There's little point of throwing up examples of who has done what to which Jack - George Butterworth took a fine English ballad and turned it into something else - so do Delius - and Vaughan Williams, and Kodaly, and Bartok....
All that is doing is using something in order to produce something else, there's nothing wrong with experimentation. if that's what you are implying..
Tunnel Tigers isn't a folk songs - the author always insisted on that about everything he wrote.
We are not an inch nearer your telling me what folk song has become
"To talk about "the folk tradition" is a bit of a nonsense,"
Not really Mac - whatever form traditions take, there is general agreement as to what it is, what made it as it was, where it came from and where it (probably) originated.
Living traditions evolve - dead ones don't, but they can be used to serve the purpose they once did - that was what the Folk Revival was about.
That is not what is being argued for here.
Changing the meaning of the product and discarding the old model doesn't work with folk song or music - especially if you can't explain the changes.
I believe MacColl to have been the best songwriter the revival produced, not because his songs were the ones that turned me on, but because he respected and understood the tradition and used it to create new pieces.
The best and most resilient of his pieces were those taken directly from the mouths of working people; Shoals of Herring (Sam Larner and Ronnie Balls), Freeborn Man (Minty Smith, Gordon Boswell, Belle Stewart and others), Shellback (Ben Bright), Tenant Farmer (a group of Scots Border farmers he met at a Hogmanay Party), The Big Hewer (Jack Elliot ad other miners)...... plenty more examples   
The Radio Ballads were groundbreaking creations that changed how working people were regarded by the media.
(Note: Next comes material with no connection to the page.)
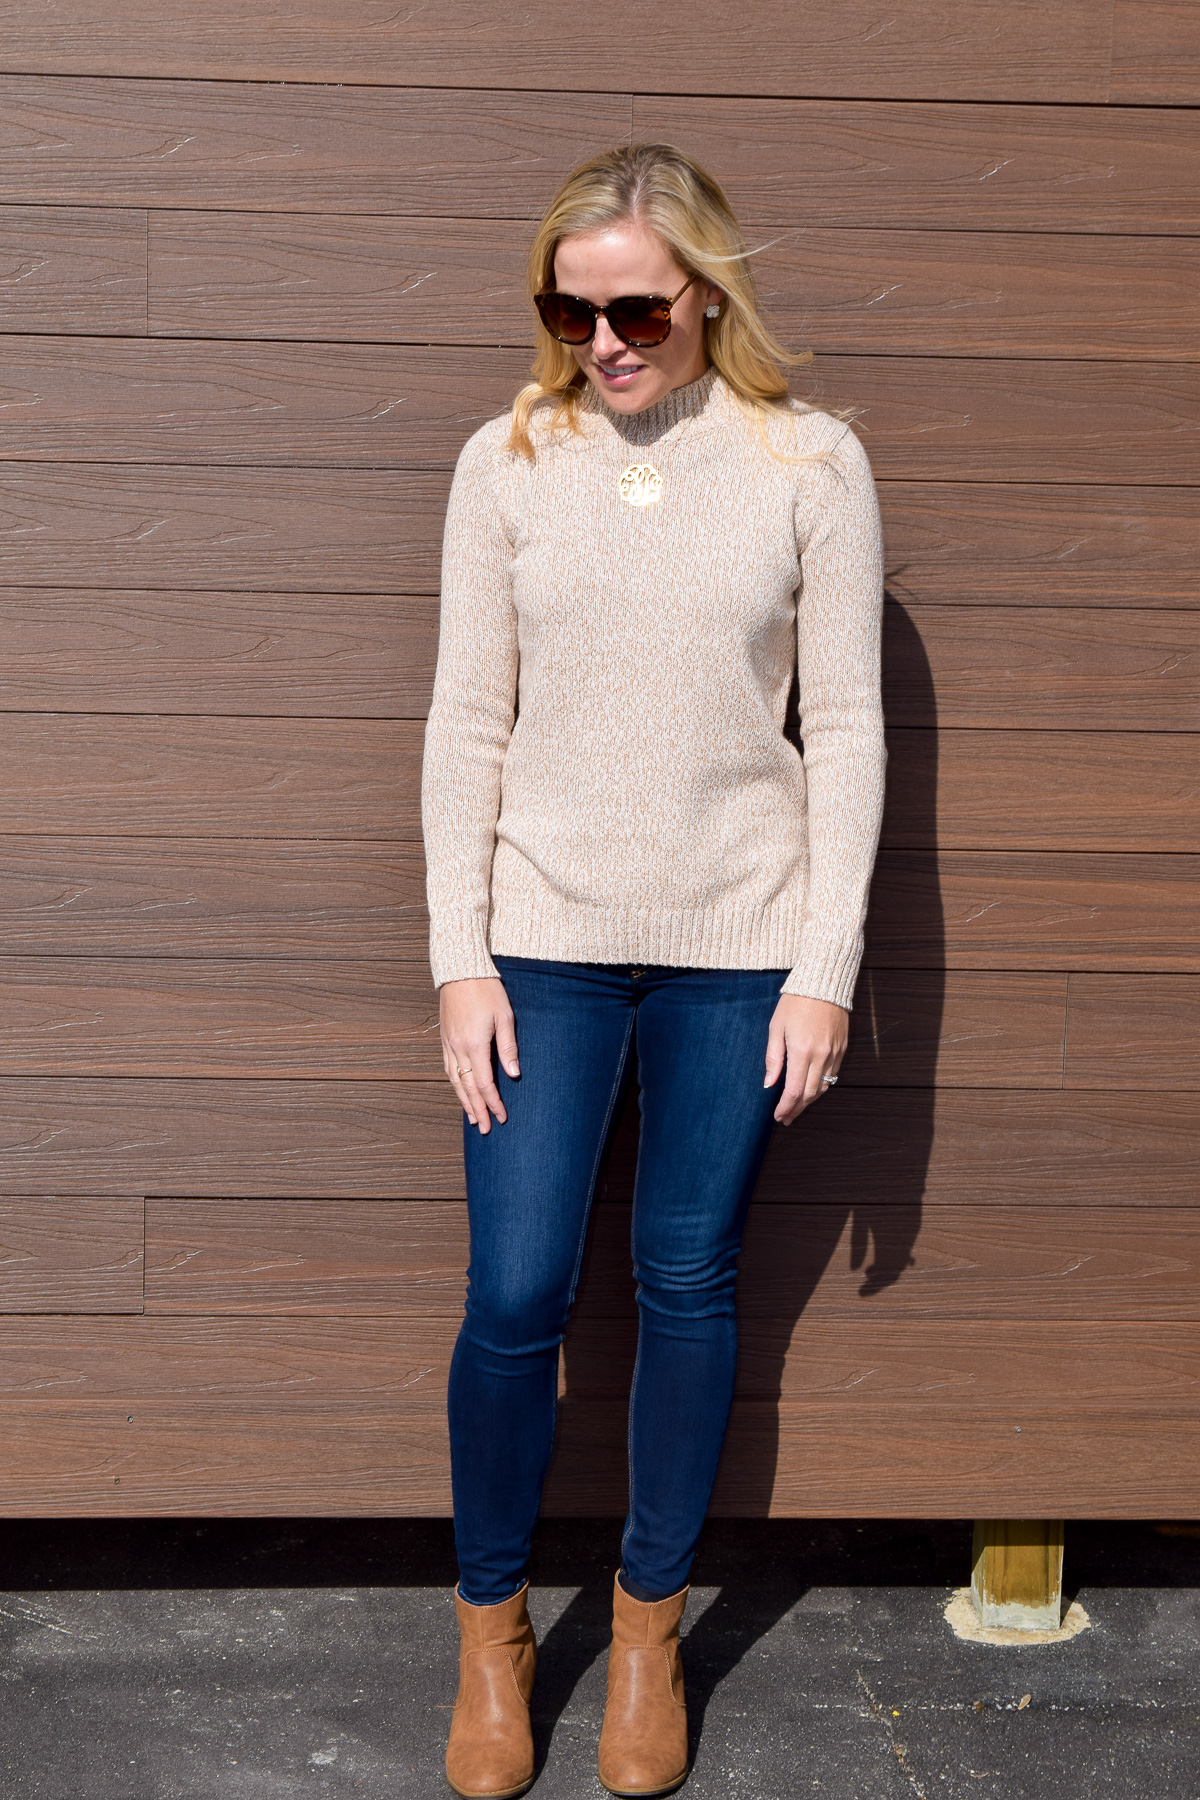 :: Everyday Sweater + Friday Favorites + Link Love ::

All of these creations throbbed with the language and vernacular of the working people before today's "progress" destroyed it with innovations like 'Estuary English'.
We learn from our past and use what we learn to go on expressing ourselves as human beings - no sensible person shows the contempt some have her for past creations because they prefer other forms and decide their new forms are "folk".
It really doesn't work like that.
MacColl once said during a period of depression that the thing that would destroy folk song would be for it to fall into the hands of people who neither respected it nor understood it.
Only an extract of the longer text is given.